7°) dire si l'état de Mme K a entraîné une incapacité permanente partielle résultant de troubles physiologiques ou psychologiques et en préciser les dates de début et de fin, ainsi que le ou les taux ;

8°) indiquer à quelle date l'état de Mme K peut être considéré comme consolidé ; préciser s'il subsiste une incapacité permanente partielle et, dans l'affirmative, en fixer le taux, en distinguant la part imputable aux manquements éventuellement constatés de celle ayant pour origine toute autre cause ou pathologie, eu égard notamment aux antécédents médicaux de l'intéressée ; dans le cas où cet état ne serait pas encore consolidé, indiquer, si dès à présent, une incapacité permanente partielle est prévisible et en évaluer l'importance ;

9°) dire si l'état de Mme K est susceptible de modification en amélioration ou en aggravation ; dans l'affirmative, fournir toutes précisions utiles sur cette évolution, sur son degré de probabilité et dans le cas où un nouvel examen serait nécessaire, mentionner dans quel délai ;

10°) donner son avis sur l'existence éventuelle de préjudices annexes (souffrances endurées, préjudice esthétique, préjudice d'agrément spécifique, préjudice psychologique, préjudice sexuel) et le cas échéant, en évaluer l'importance, en distinguant la part imputable aux manquements éventuellement constatés de celle ayant pour origine toute autre cause ou pathologie, eu égard, notamment aux antécédents médicaux de Mme K ainsi que sur les préjudices de la petite A ;

11°) donner son avis sur la répercussion de l'incapacité médicalement constatée sur la vie professionnelle et personnelle de Mme K ;

12°) apporter, d'une manière générale, tous éléments qui seraient utiles à la solution du litige par la juridiction éventuellement saisie.

Article 2 : Les opérations d'expertise auront lieu contradictoirement entre, d'une part,

Mme K, M. I et la caisse de mutualité sociale agricole Beauce Cœur de Loire et, d'autre part, le centre hospitalier régional d'Orléans.

Article 3 : Les experts accompliront leur mission dans les conditions prévues aux articles R. 621-2 à R. 621-14 du code de justice administrative. Ils ne pourront recourir à un sapiteur sans l'autorisation préalable du président du tribunal administratif.

Article 4 : Préalablement à toute opération, les experts prêteront serment dans les formes prévues à l'article R. 621-3 du code de justice administrative.

Article 5 : Les experts avertiront les parties conformément aux dispositions de l'article R. 621-7 du code de justice administrative.

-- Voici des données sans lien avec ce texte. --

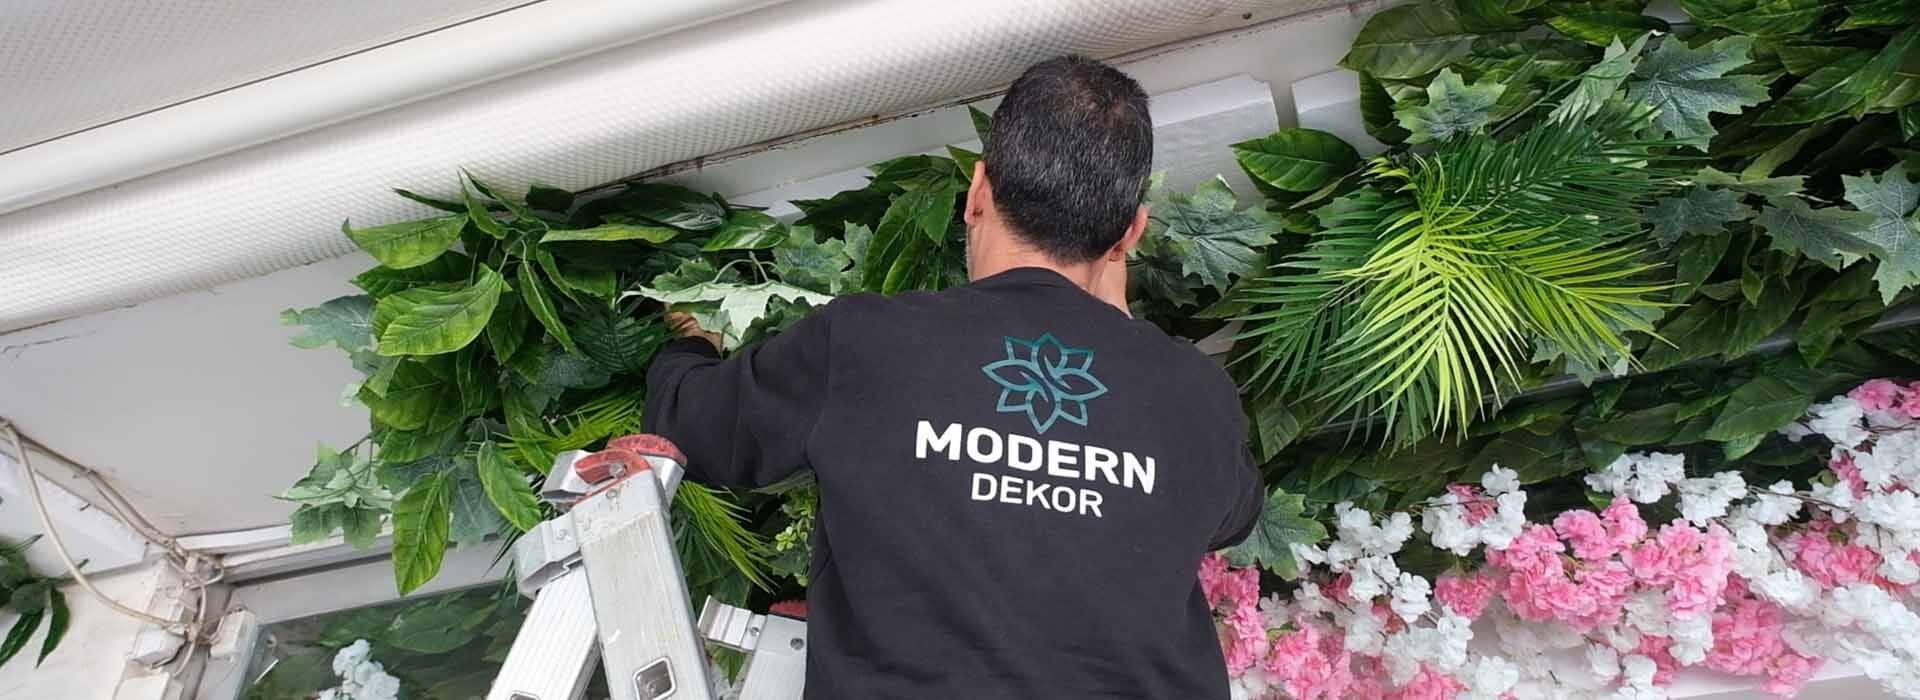 Modern Dekor | Yapay Çiçek, Dikey Bahçe ve Yapay Ağaç

Article 6 : Les experts déposeront leur rapport définitif au greffe en deux exemplaires avant le 31 décembre 2022. Des copies seront notifiées par l'expert aux parties intéressées. Avec leur accord, cette notification pourra s'opérer sous forme électronique. Les experts justifieront auprès du tribunal de la date de réception de leur rapport par les parties.

Article 7 : Les frais et honoraires de l'expertise seront mis à la charge de la ou des parties désignées dans l'ordonnance par laquelle le président du tribunal liquidera et taxera ces frais et honoraires.

Article 8 : Le surplus des conclusions de la requête de Mme K et de M. I et les conclusions du centre hospitalier régional d'Orléans sont rejetés.

Article 9 : La présente ordonnance sera notifiée à Mme D K et M. B I, à la caisse de mutualité sociale agricole Beauce Cœur de Loire, au centre hospitalier régional d'Orléans et aux experts.

Fait à Orléans, le 19 juillet 2022.

Le juge des référés,

Jean-Michel G

La République mande et ordonne au ministre de la santé et de la prévention en ce qui le concerne ou à tous commissaires de justice à ce requis en ce qui concerne les voies de droit commun contre les parties privées de pourvoir à l'exécution de la présente décision.